The Notebook
İstanbul, Turkey

Proof on Infinity of Prime Numbers

In this post, I show that we have infinitely many prime numbers. To do so, I use a proof from 300 BC which provided by Greek Mathematician. The one that people usually call as “Father of Geometry” or Euclid of Alexandria.

Let's write prime numbers in an ascending manner,

p_1 = 2, p_2 = 3, p_3 = 5, p_4 = 7

When we check the numbers which are in a pattern of:

p_1.p_2 + 1 = 2.3 + 1 = 7 p_1.p_2.p_3 + 1 = 2.3.5 + 1 = 31 p_1.p_2.p_3.p_4 + 1 = + 1 = 211

we oftenly come up with a prime number.

But how can we be sure about primality of number A = p_1.p_2 \dots p_n + 1 for all values of n?

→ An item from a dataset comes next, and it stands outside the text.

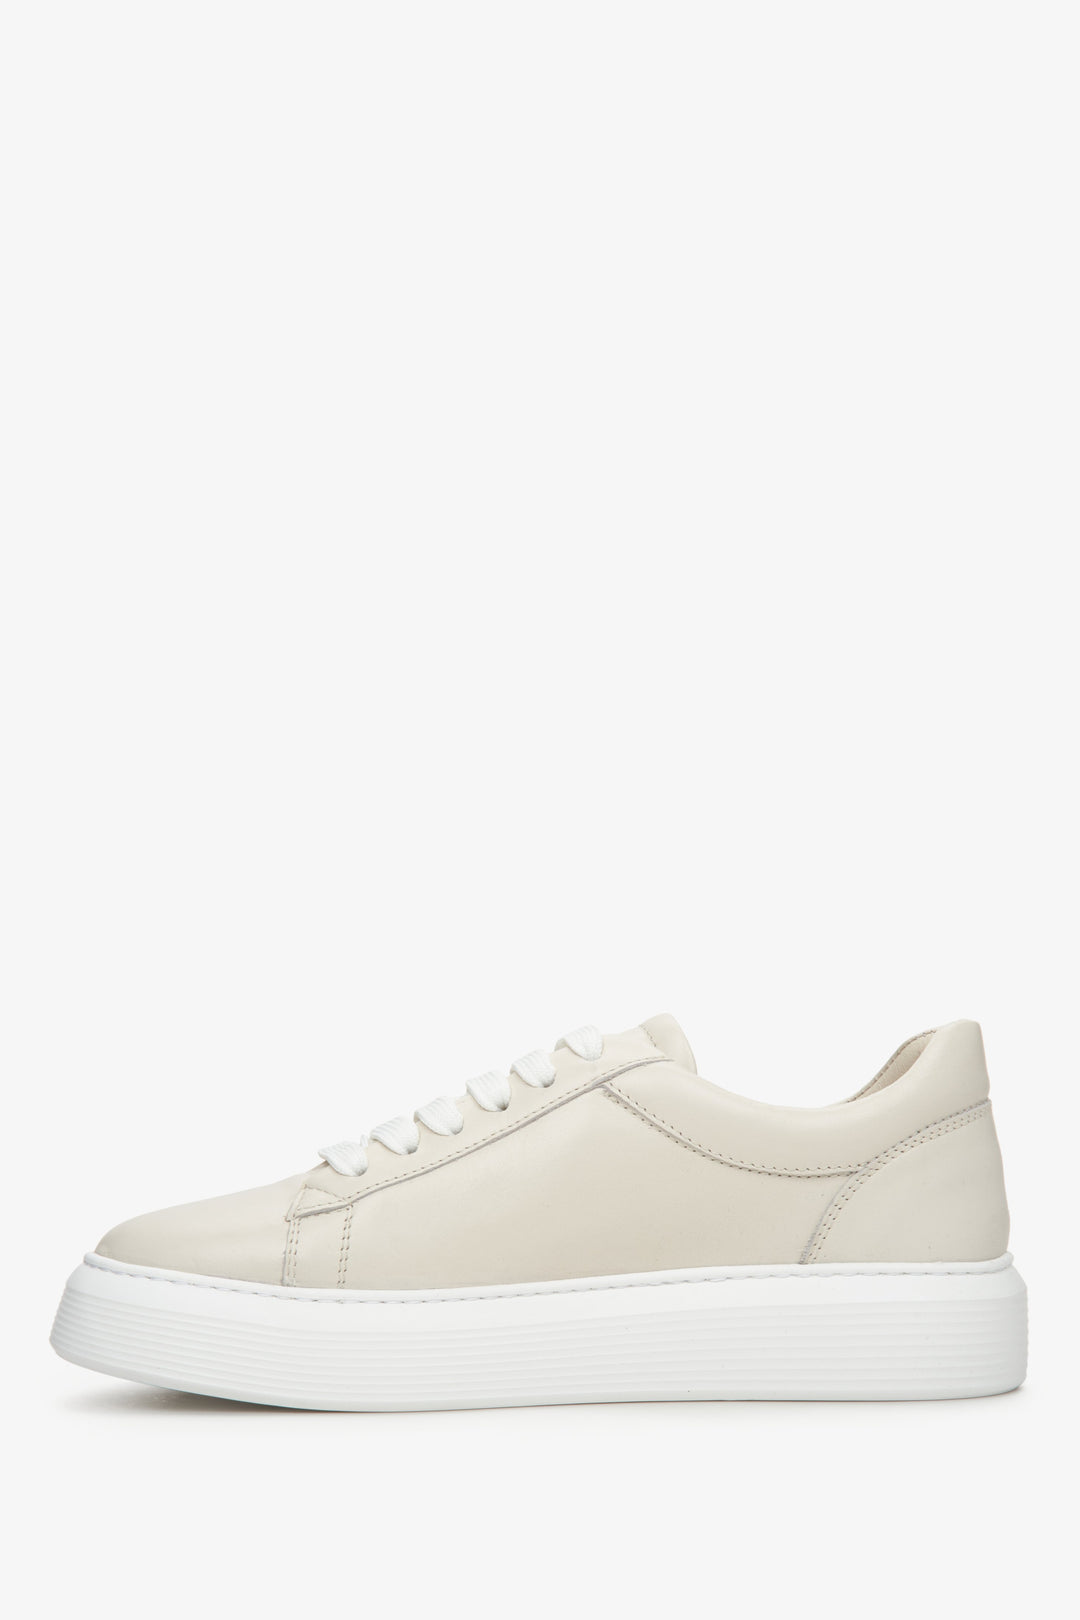 Estro women's leather sneakers with laces for fall - shoe profile.
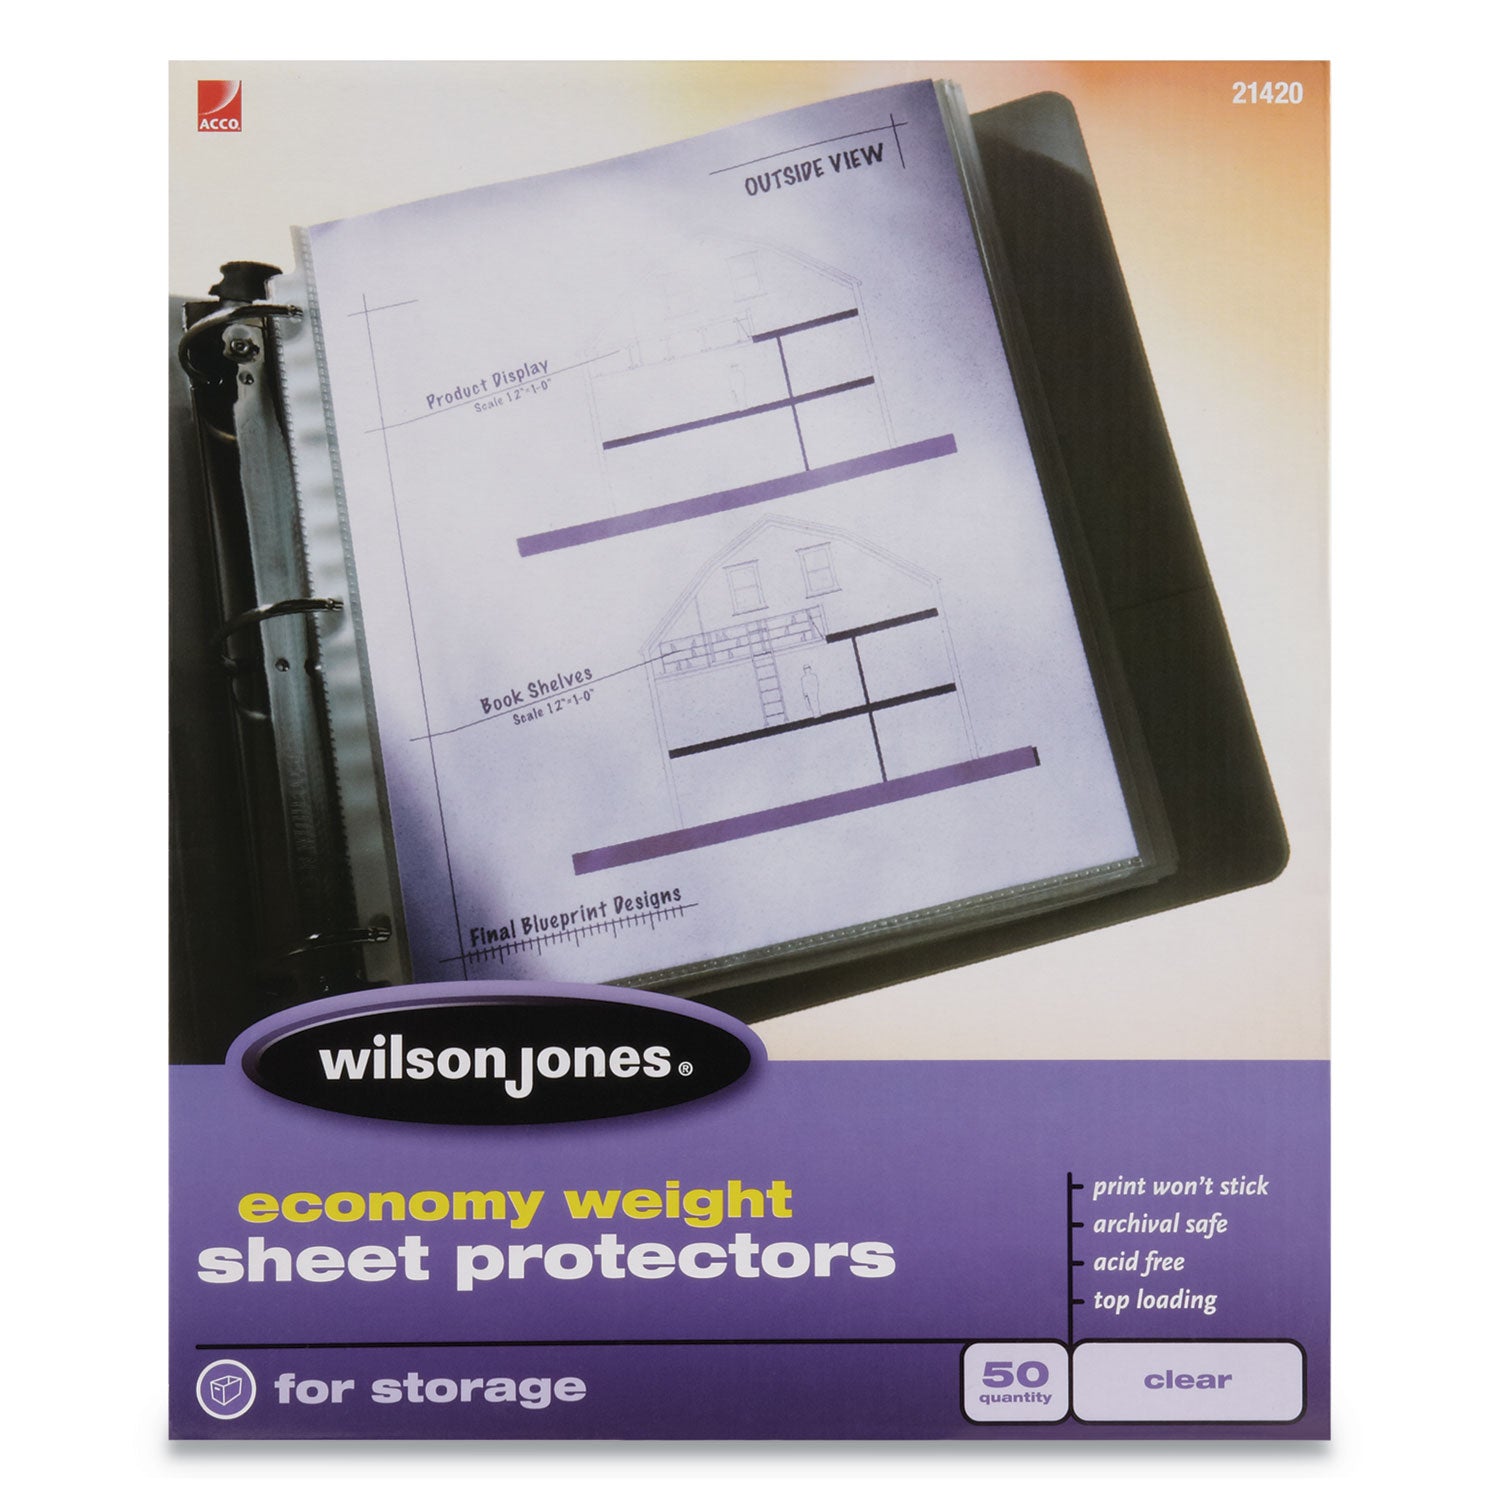 economy-weight-top-loading-sheet-protectors-letter-50-box_wlj21420 - 1

Here we use contradiction technique to check: We intuitively think that A is a prime number, since it empirically is. Now we set up an equation which assumes that A is a non-prime number and try to show that this equation would not hold --hence it contradicts.

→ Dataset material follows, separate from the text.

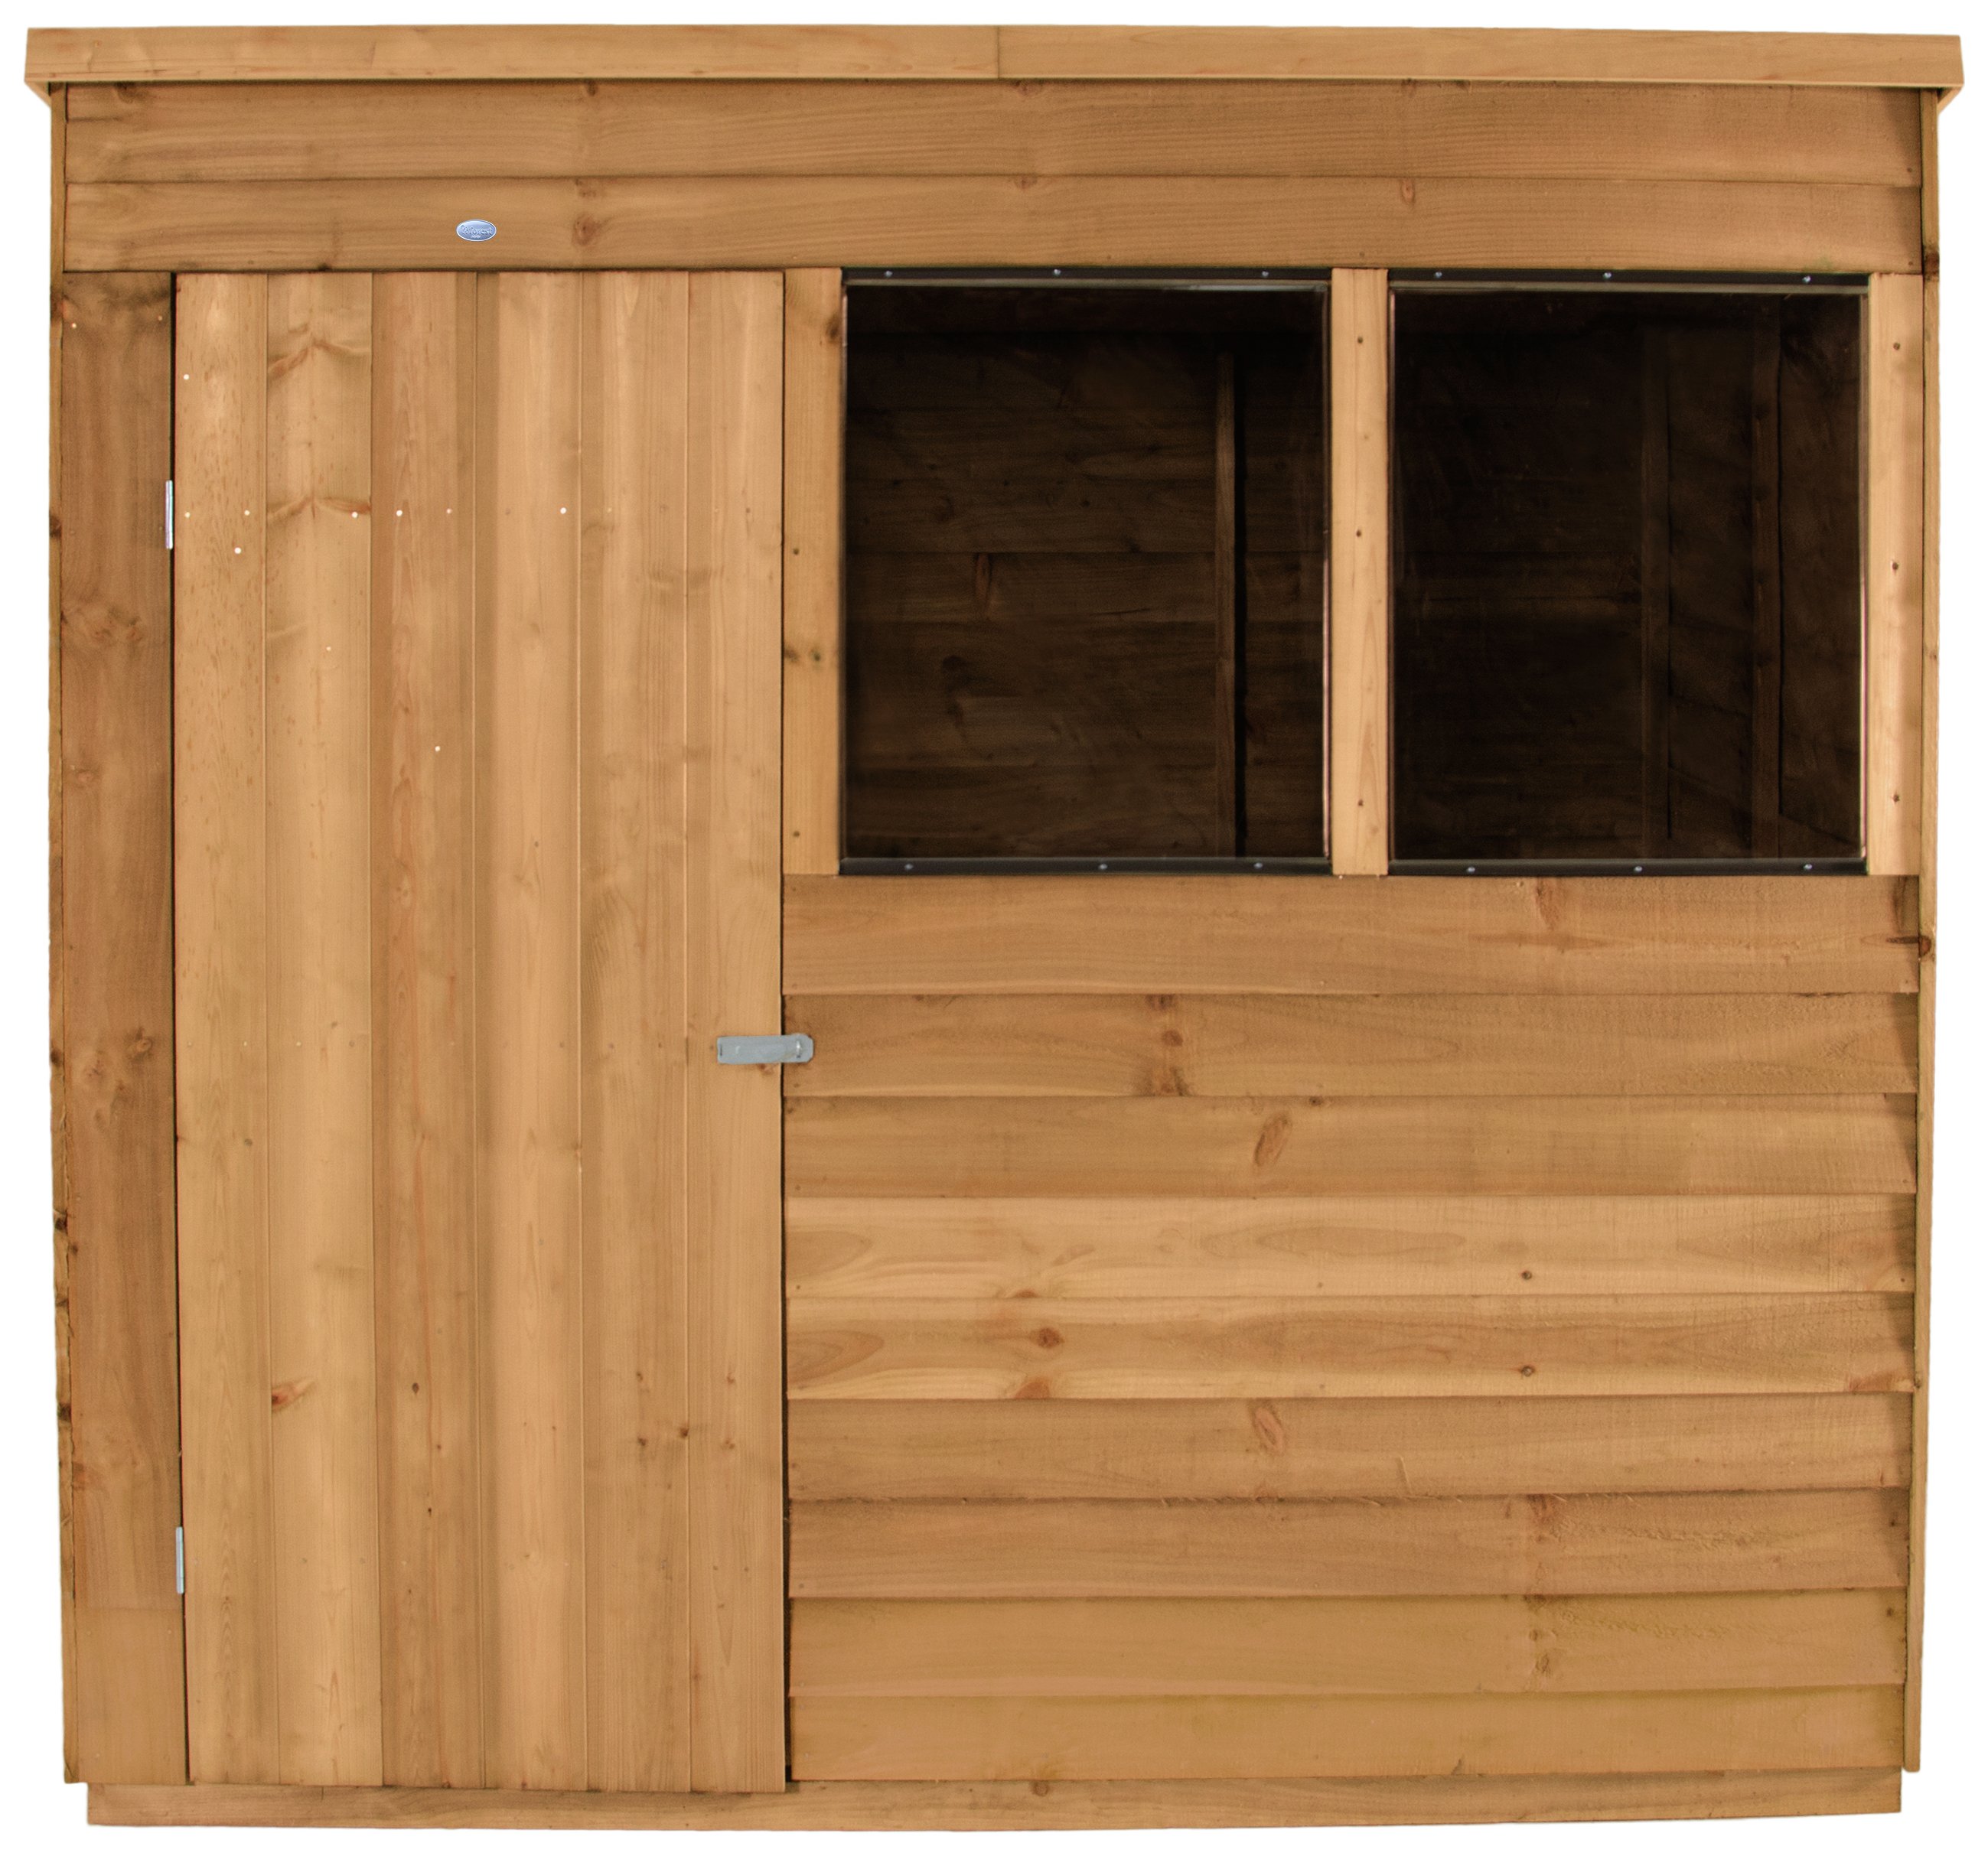 Forest 7 x 5ft Overlap Wooden Pent Shed

Following equation assumes that A is a divisor of some number.

We clearly know that, every number -except 1- is at least multiple of one prime number.

For this reason, let's say that p_r is a divisor of A.

A = p_1.p_2.p_3 \dots p_r \dots p_n + 1 \rightarrow \frac{A}{p_r} = p_1.p_2.p_3 \dots p_{r-1}.p_{r+1} \dots p_n + \frac{1}{p_r}.

Consequently we have

\frac{A}{p_r} - p_1.p_2.p_3 \dots p_{r-1}.p_{r+1} \dots p_n = \frac{1}{p_r}

Let's concentrate on this last equation.

\frac{A}{p_r} has to be an integer, since we assume A is a multiple of p_r.
Second term p_1.p_2.p_3 \dots p_{r-1}.p_{r+1} \dots p_n is also integer, nevertheless \frac{1}{p_r} is not.
So, our non-primality assumption of A was wrong. Consequently, this wrong assumption proves us that, A would always be prime for any value of n.